Slow Server Speeds - An Interesting Problem

wswd

Premium
Premium Member
Hi guys,

I have a very interesting problem on one of our servers. Over the last few days, the network speeds have gotten ridiculously slow. Downloads (wget) that normally saturate the port are now at about 10mbps. Downloads from servers that are still close in proximity to ours (i.e. LA, Phoenix, etc.) still saturate the port.

Sounded to me like a routing or network issue, but that isn't the case. There are no dropped packets, no packet loss, etc. Our DC checked the router and switch, and everything checks out fine. Other servers on the same switch are doing great.

To further confuse matters, they put the server into rescue mode, and speeds were normal. This indicates something on the server itself that might be causing this. I'm still going to ask the datacenter to replace the ethernet cable and try a different switch/port, but in the meantime...

What the hell could be causing this? ha ha! I've exhausted pretty much every option short of reinstalling the OS, which I really don't want to do since there are clients on this server. I've run with/without firewall, flushed the iptables, turned iptables off, turned nat tracking off, reset the network card, you name it.

Anybody have any suggestions?
 
What OS?

Also is there a traphic grapher anywhere in the system that can show just your traffic? These days I leave a Cacti running that monitors incoming and outgoing bandwidth on my servers as reported by the nics so that I can spot abnormal spikes that could indicate trouble. Could even install it on the server itself if you don't have another location to monitor from, since it would still generate a graph of the network activity.
 
CentOS 5.8.

I do have bandwidth graphs from the port, but there is nothing unusual at all.

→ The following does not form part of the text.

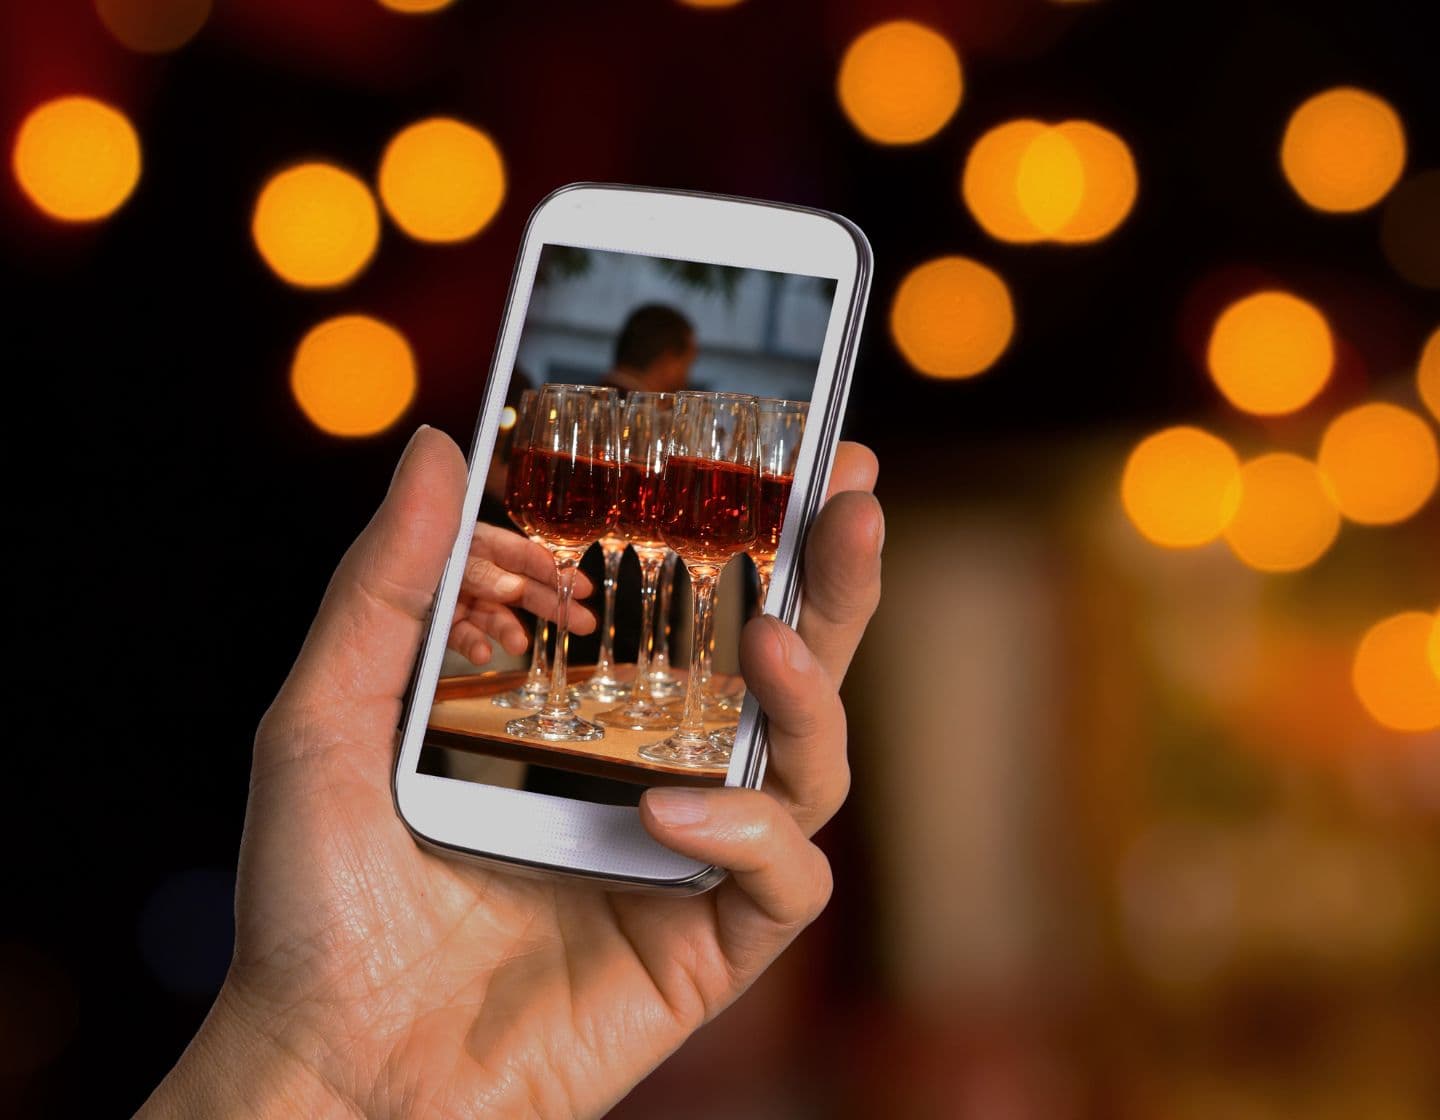  Mano sosteniendo un teléfono con una foto de copas de vino.

Traffic levels are fairly low.
 
Default sysctl configuration may not help bursting you the full network potential sometimes. Have you tried tweaking your tcp memory using sysctl.conf file? As you say, your traffic levels are pretty low, this could be an issue. One other issue came in my mind is the IO wait. Do you see any significant IO wait while running the wget? If there is a high IO wait, that can potentially obstruct the network speed while running tools like wget.
 
No, nothing. Everything has been tweaked, no i/o wait. It's a fairly new and severely underloaded server. I've actually had 3 different admin teams look at this over the past week, plus my own, and nobody can find anything.

Unfortunately, it looks like a OS reinstall is in order.